In our example, we work with COVID case data as of April 2020 where our
goal is to forecast the number of confirmed COVID cases for each country
in the data set. Below, we load time series data from an AWS S3
bucket, and prepare it for use in
autogluon.timeseries
. Note that we make sure the date field is
parsed by pandas, and provide the columns containing the item
(id_column
) and timestamps (timestamp_column
) to
TimeSeriesDataFrame
. We also plot the trajectories of COVID cases
with two example countries: Germany and the UK.
df = pd.read_csv(
"https://autogluon.s3-us-west-2.amazonaws.com/datasets/CovidTimeSeries/train.csv",
parse_dates=["Date"],
)
train_data = TimeSeriesDataFrame.from_data_frame(
df,
id_column="name",
timestamp_column="Date",
)
plt.figure(figsize=(20, 3))
for country in ["United Kingdom_", "Germany_"]:
plt.plot(train_data.loc[country], label=country)
plt.legend()
<matplotlib.legend.Legend at 0x7f5e90c7c1c0>

Note how TimeSeriesDataFrame
objects organize the data with a
pandas.MultiIndex
where the first level of the index corresponds
to the item (here, country) and the second level contains the dates for
which the values were observed. We can also use the loc
accessor, as
in pandas, to access individual country data.
train_data.head()
ConfirmedCases | ||
---|---|---|
item_id | timestamp | |
Afghanistan_ | 2020-01-22 | 0.0 |
2020-01-23 | 0.0 | |
2020-01-24 | 0.0 | |
2020-01-25 | 0.0 | |
2020-01-26 | 0.0 |
train_data.loc['Afghanistan_'].head()
ConfirmedCases | |
---|---|
timestamp | |
2020-01-22 | 0.0 |
2020-01-23 | 0.0 |
2020-01-24 | 0.0 |
2020-01-25 | 0.0 |
2020-01-26 | 0.0 |
The primary use case of autogluon.timeseries
is time series
forecasting. In our example, our goal is to train models on COVID case
data that can forecast the future trajectory of cases given the past,
for each country in the data set.
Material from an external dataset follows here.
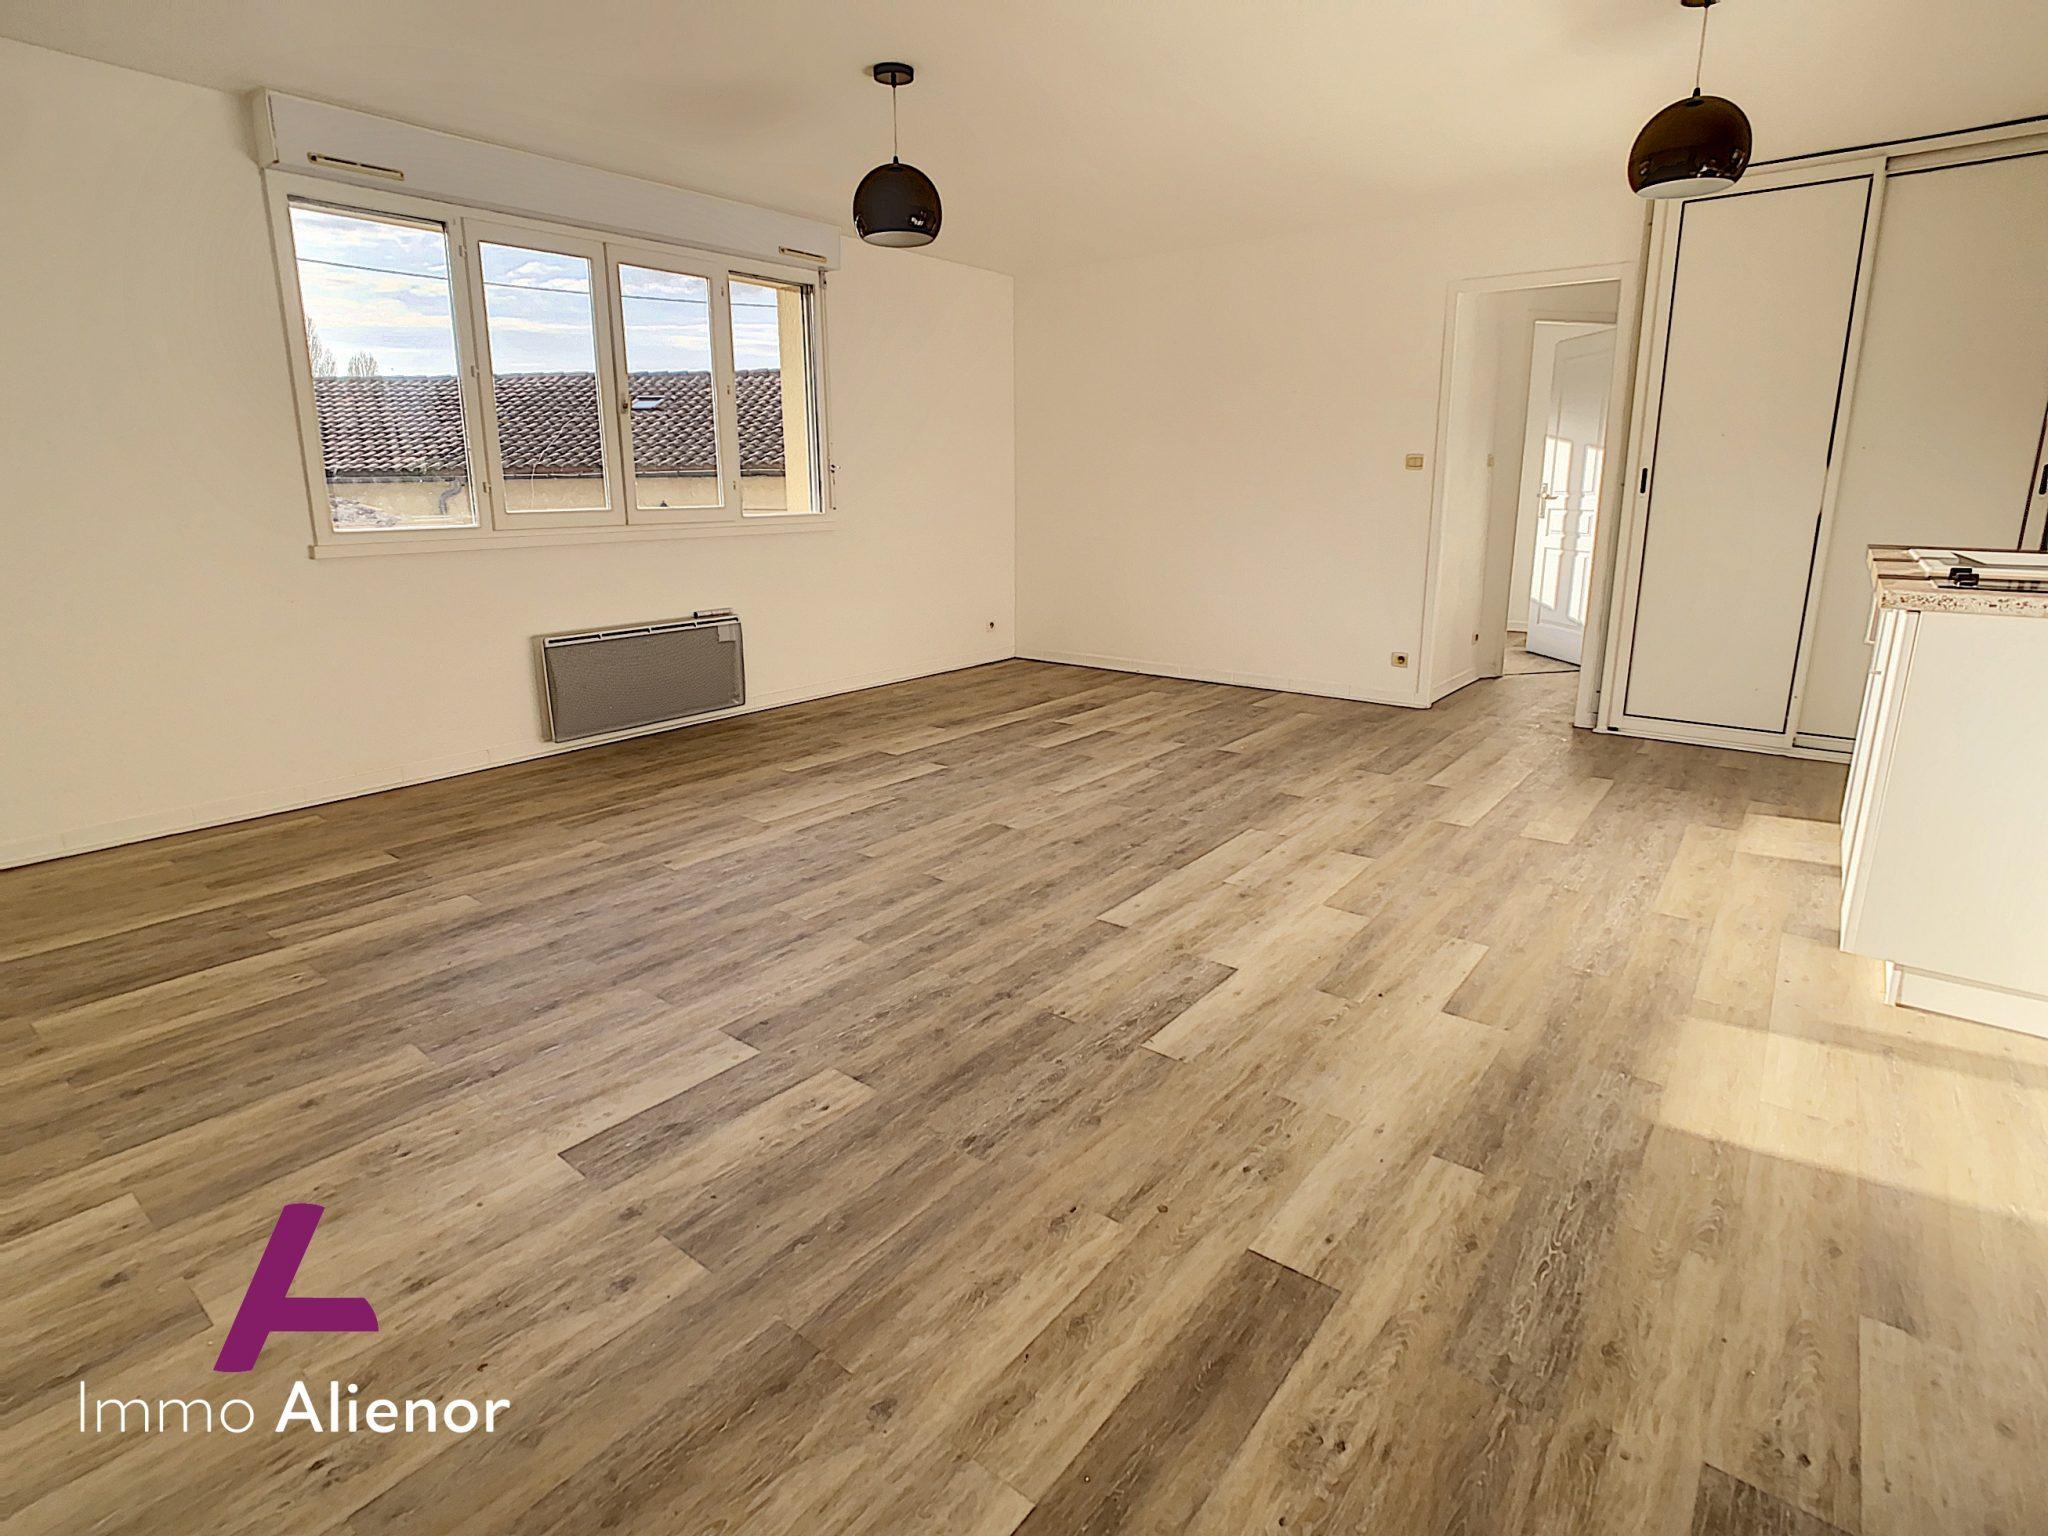 Appartement 2 pièces de 44,33 m² à Villenave d'Ornon

By default, autogluon.timeseries
supports multi-step ahead probabilistic forecasting. That is, multiple
time steps in the future can be forecasted, given that models are
trained with the prerequisite number of steps (also known as the
forecast horizon). Moreover, when trained models are used to predict
the future, the library will provide both "mean"
forecasts–expected
values of the time series in the future, as well as quantiles of the
forecast distribution.
In order to train our forecasting models, we first split the data into
training and test data sets. In forecasting, this is often done via
excluding the last prediction_length
many steps of the data set
during training, and only use these steps to compute validation scores
(also known as an “out of time” validation sample). We carry out this
split via the slice_by_timestep
method provided by
TimeSeriesDataFrame
which takes python slice
objects.
prediction_length = 5
test_data = train_data.copy() # the full data set
# the data set with the last prediction_length time steps included, i.e., akin to `a[:-5]`
train_data = train_data.slice_by_timestep(slice(None, -prediction_length))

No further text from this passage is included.